Because a claim for emotional distress has been held to be distinct from a claim for wrongful death, Cimino v. Milford Keg, Inc., 385 Mass. 323, 334 (1982); Miles v. Edward O. Tabor, M.D., Inc., 387 Mass. 783, 789 n.8 (1982), we analyze the plaintiffs’ emotional distress counts outside of G. L. c. 229, § 2, the wrongful death statute, which, in any event, does not address damages for emotional distress. Also, contrary to the argument of the plaintiffs, and notwithstanding any perceived inadequacies in the wrongful death statute, it appears anomalous, absent legislation, to permit more extensive recovery for the death of an animal than for the death of a person.

The plaintiffs, in calling for such an expansion, rely in part on Sullivan v.

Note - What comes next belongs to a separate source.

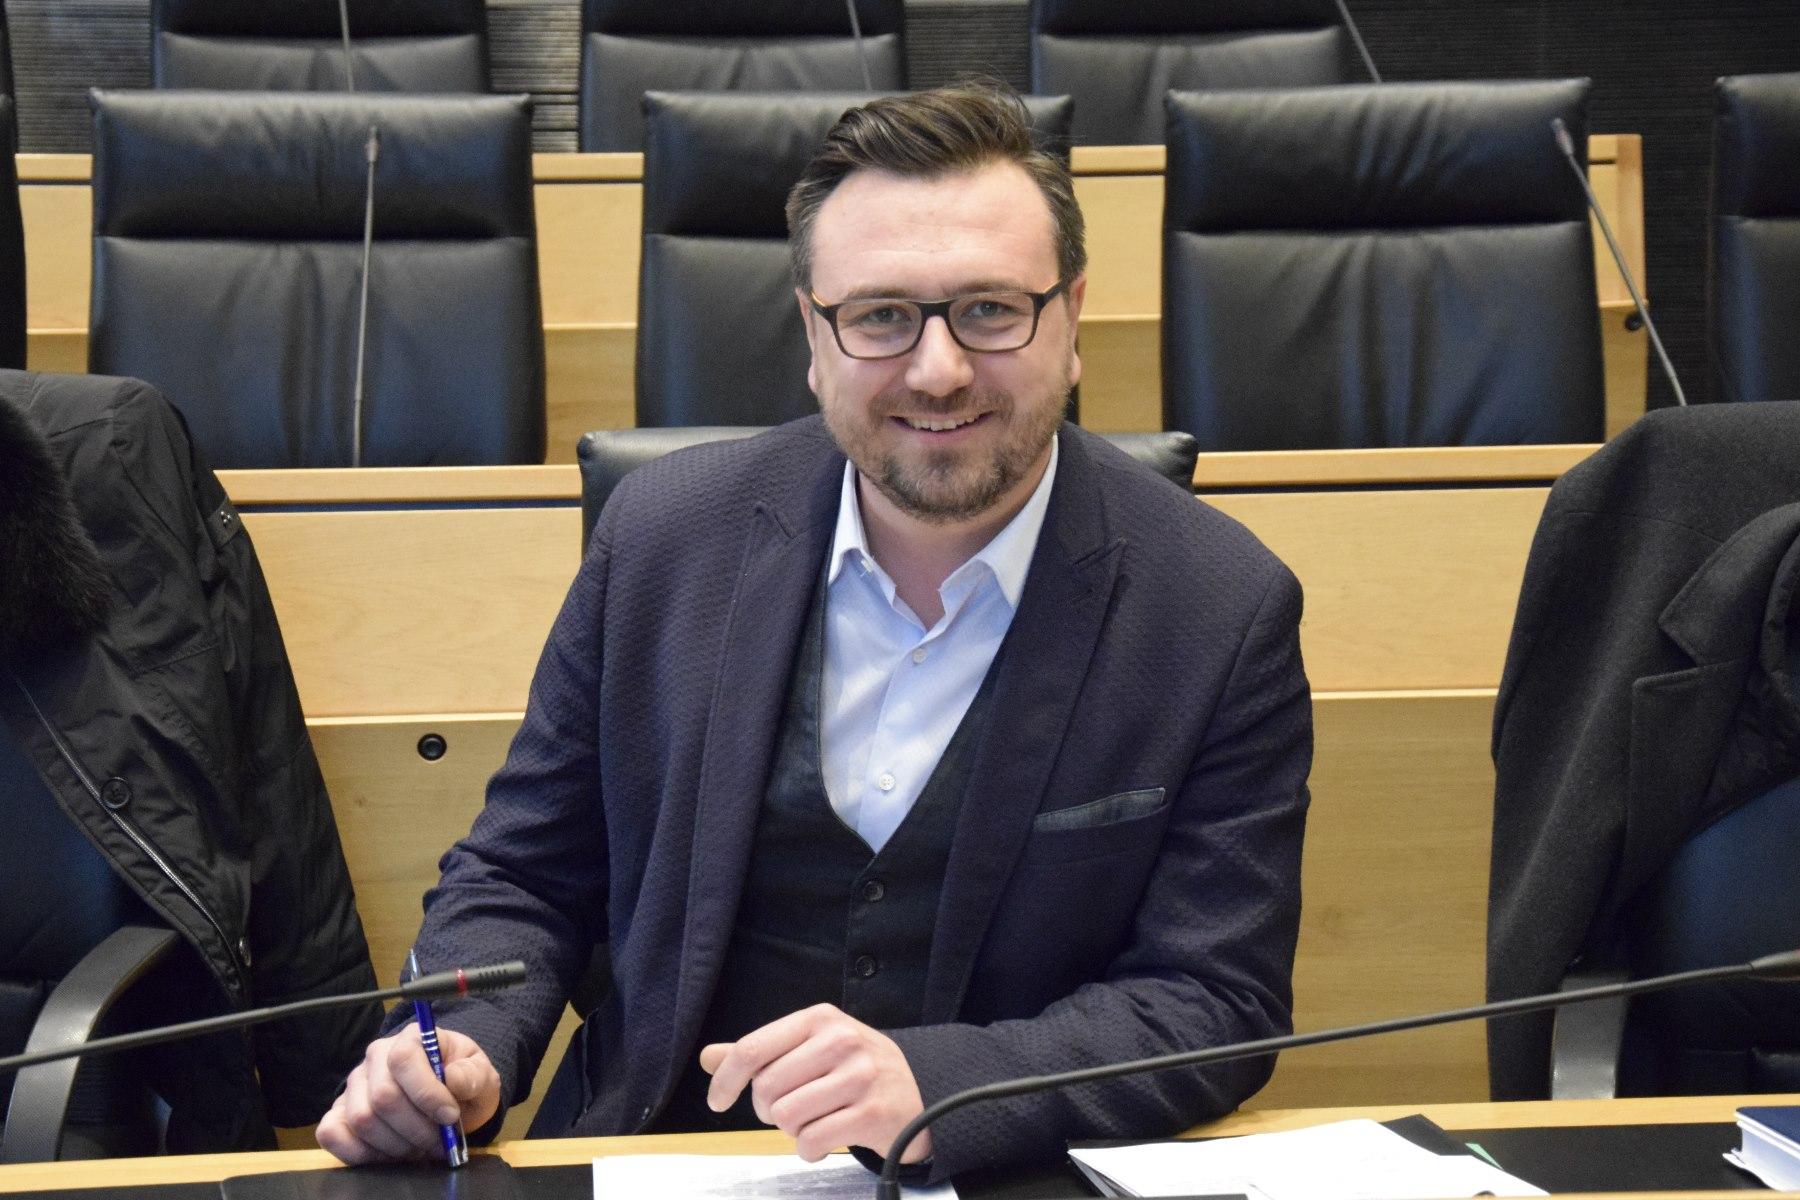 Freiheitlicher Antrag angenommen: Landtag wird sich mit der öffentlichen Sicherheit auseinandersetzen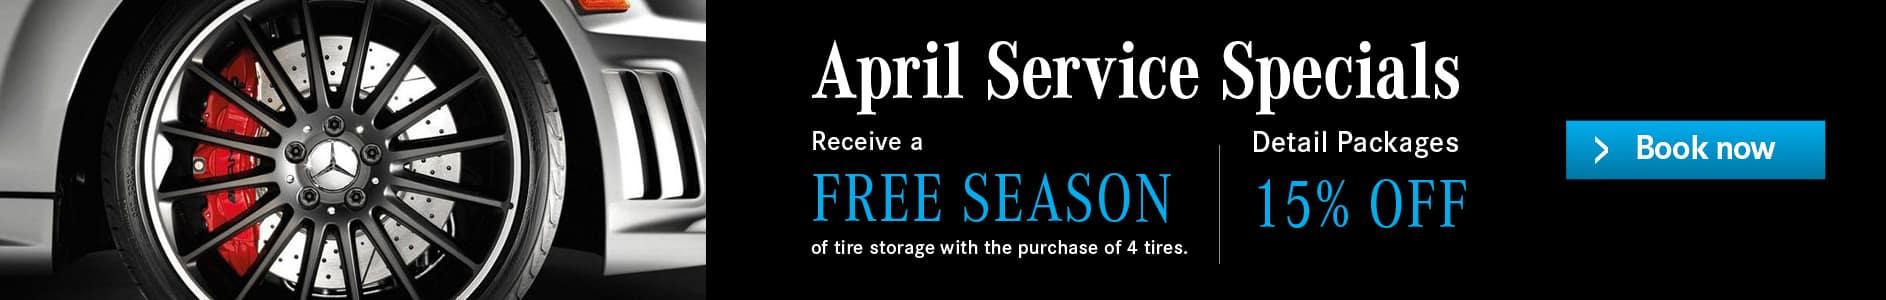 1552141_MBH_Service April 2021 WB

Boston Gas Co., 414 Mass. 129, 140 (1993), in which the nature of the injured interest apparently was not made an appellate issue, but in which the emotional distress claims of two persons who witnessed the destruction of their home was permitted to go to trial.

Broadly defined, “consortium” includes “companionship, cooperation, affection [and] aid.” Black’s Law Dictionary 304 (7th ed. 1999).

General Laws c. 229, § 2, provides in pertinent part that “[a] person who (1) by his negligence causes the death of a person, or (2) by willful, wanton or reckless act causes the death of a person. . . shall be liable in damages . . . for the loss of the . . . society, companionship [and] comfort... of the decedent. . . .”

A Federal District Court case relied on by the plaintiffs only holds that persons who “willfully” allowed their livestock to graze on government land after cancellation of their grazing permit were guilty of a trespass warranting issuance of an injunction and an order requiring payment of a fee for unauthorized grazing. United States v. Gardner, 903 F. Supp. 1394, 1402-1403 (D. Nev. 1995), aff’d, 107 F.3d 1314 (9th Cir.), cert. denied, 522 U.S. 907 (1997).